Fit Household Transmission Model

Description

Fits the compiled Stan model to the prepared household data.

Usage

fit_household_model(
  stan_data,
  iter = 2000,
  chains = 4,
  warmup = 1000,
  init_fun = NULL,
  ...
)

Arguments

stan_data

A list of data formatted by prepare_stan_data.

iter

Integer. Number of iterations per chain (including warmup). Defaults to 2000.

chains

Integer. Number of Markov chains. Defaults to 4.

warmup

Integer. Number of warmup iterations. Defaults to 1000.

init_fun

Function or List. Initial values for the sampler. If NULL, uses robust defaults tailored for this model.

...

Additional arguments passed to rstan::sampling (e.g., cores, seed).

Value

A stanfit object containing the posterior samples.

Examples

# Show default initial values (does not require Stan compilation)
sim <- simulate_multiple_households_comm(
  n_households = 2,
  start_date = "2024-07-01",
  end_date = "2024-07-30",
  seed = 42
)
stan_input <- prepare_stan_data(
  df_clean = sim$diagnostic_df,
  study_start_date = as.Date("2024-07-01"),
  study_end_date = as.Date("2024-07-30"),
  use_vl_data = TRUE,
  seed = 123
)
# Inspect data dimensions passed to the model
stan_input$N   # number of person-episodes
stan_input$H   # number of households
stan_input$R   # number of roles

Compute Theoretical Cycle Threshold (Ct) Trajectory (Piecewise Linear)

Description

Compute Theoretical Cycle Threshold (Ct) Trajectory (Piecewise Linear)

Usage

get_theoretical_ct(t, p)

Compute Theoretical Log10 Viral Load Trajectory (Double Exponential)

Description

Compute Theoretical Log10 Viral Load Trajectory (Double Exponential)

Usage

get_theoretical_vl(t, p)

Plot Covariate Coefficients (Forest Plot)

Description

Generates a forest plot showing the estimated log-linear covariate effects on susceptibility and infectivity, with median and 95 percent credible intervals.

Usage

plot_covariate_effects(fit, stan_data)

Arguments

fit

A stanfit object returned by fit_household_model.

stan_data

A list of data formatted by prepare_stan_data.

Value

A ggplot object displaying covariate effect estimates.

Examples

# This function requires a fitted 'Stan' model with covariates.
# Prepare input data with a covariate (runs in seconds):
sim <- simulate_multiple_households_comm(
  n_households = 2,
  start_date = "2024-07-01",
  end_date = "2024-07-30",
  seed = 42
)
names(sim$hh_df)

Plot Dual-Axis Epidemic Curve (Binned)

Description

Overlays a stacked bar chart of simulated infections with a line chart of surveillance data.
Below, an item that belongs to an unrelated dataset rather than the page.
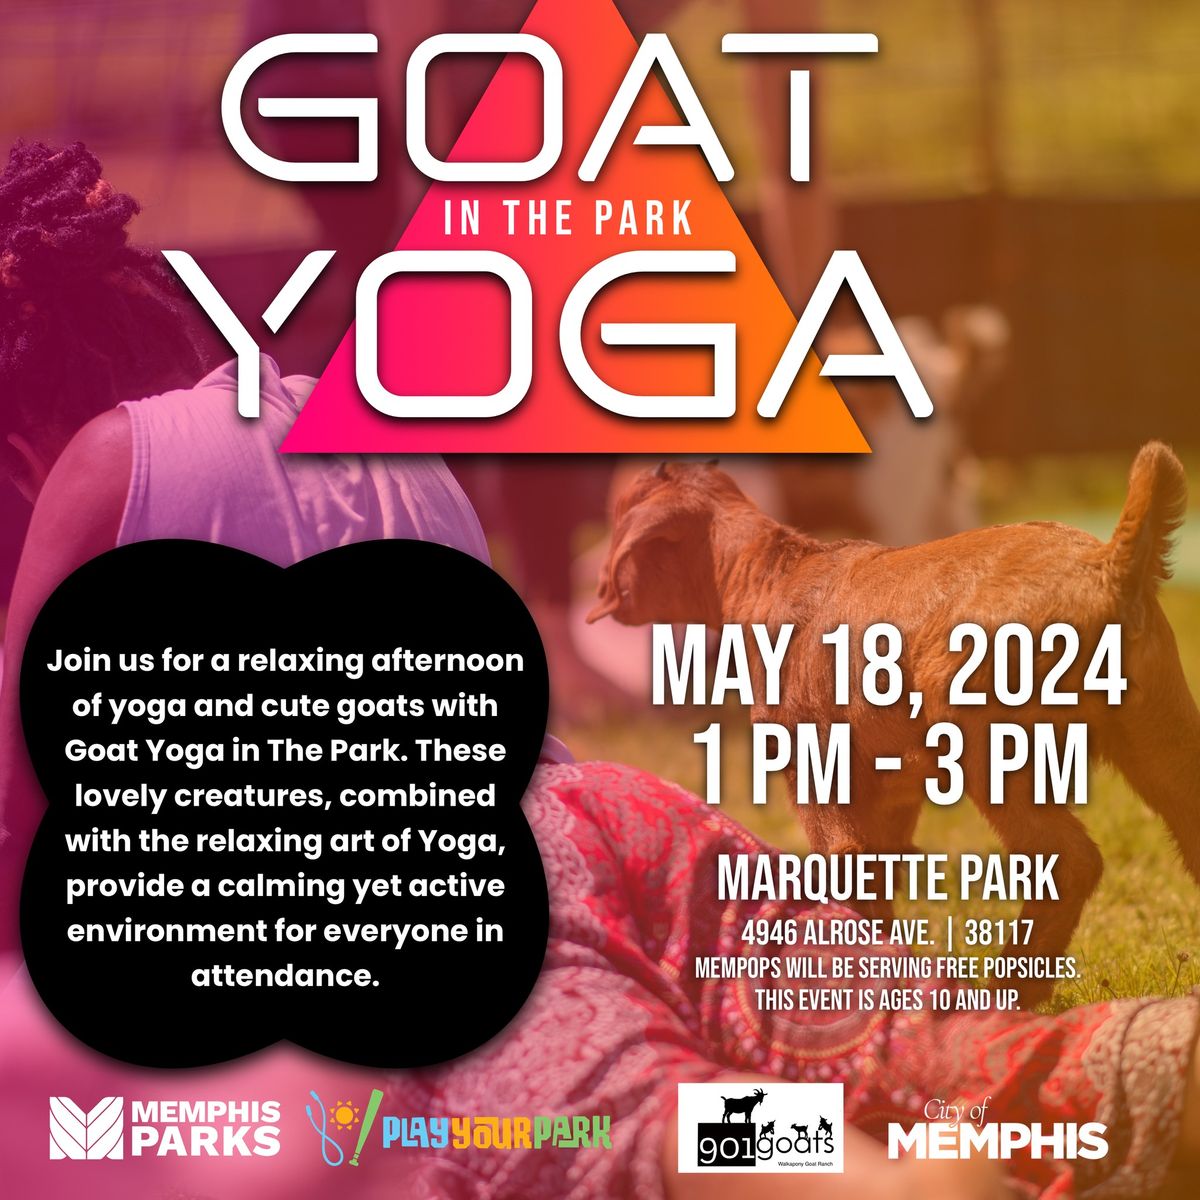 Goat Yoga in the Park
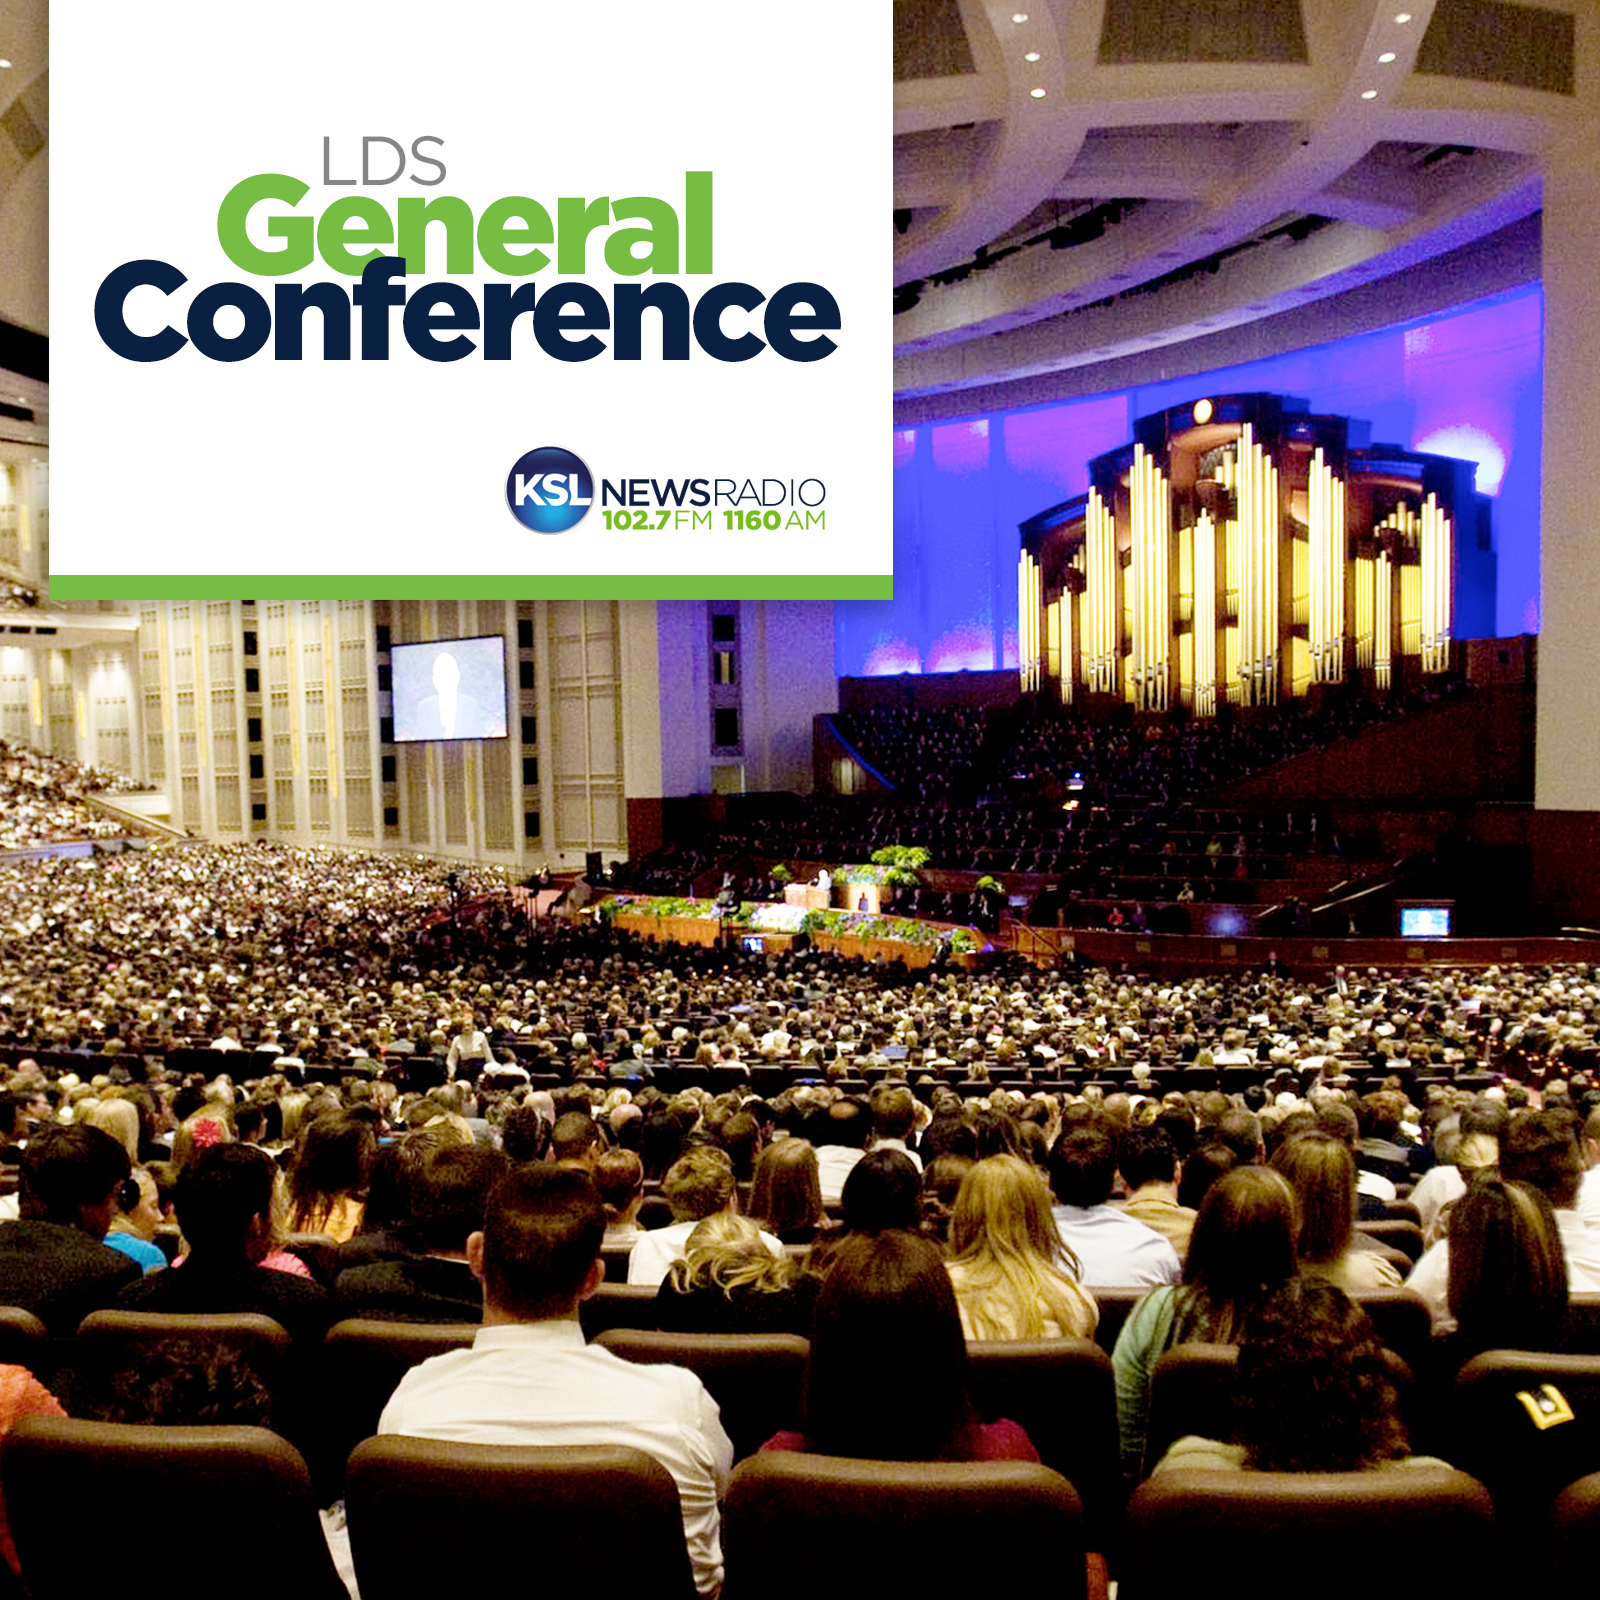 Sunday Morning Session of the 189th Church of Jesus Christ of Latter-Day Saints Semi-Annual General Conference, October 6, 2019

Both datasets are aggregated by bin_width days.

Usage

plot_epidemic_curve(
  sim_result,
  surveillance_df,
  start_date_str = "2024-07-01",
  bin_width = 7
)

Arguments

sim_result

Output object from simulate_multiple_households_comm.

surveillance_df

Data frame with date and cases columns.

start_date_str

String. Start date of the simulation.

bin_width

Integer. Aggregation window in days (default 7).

Value

A ggplot object.

Examples

# Quick example with minimal data
surv_df <- data.frame(
  date = seq(as.Date("2024-07-01"), as.Date("2024-07-30"), by = "day"),
  cases = rpois(30, lambda = 3)
)
sim <- simulate_multiple_households_comm(
  n_households = 2,
  surveillance_df = surv_df,
  start_date = "2024-07-01",
  end_date = "2024-07-30",
  seed = 42
)
plot_epidemic_curve(sim, surv_df, start_date_str = "2024-07-01")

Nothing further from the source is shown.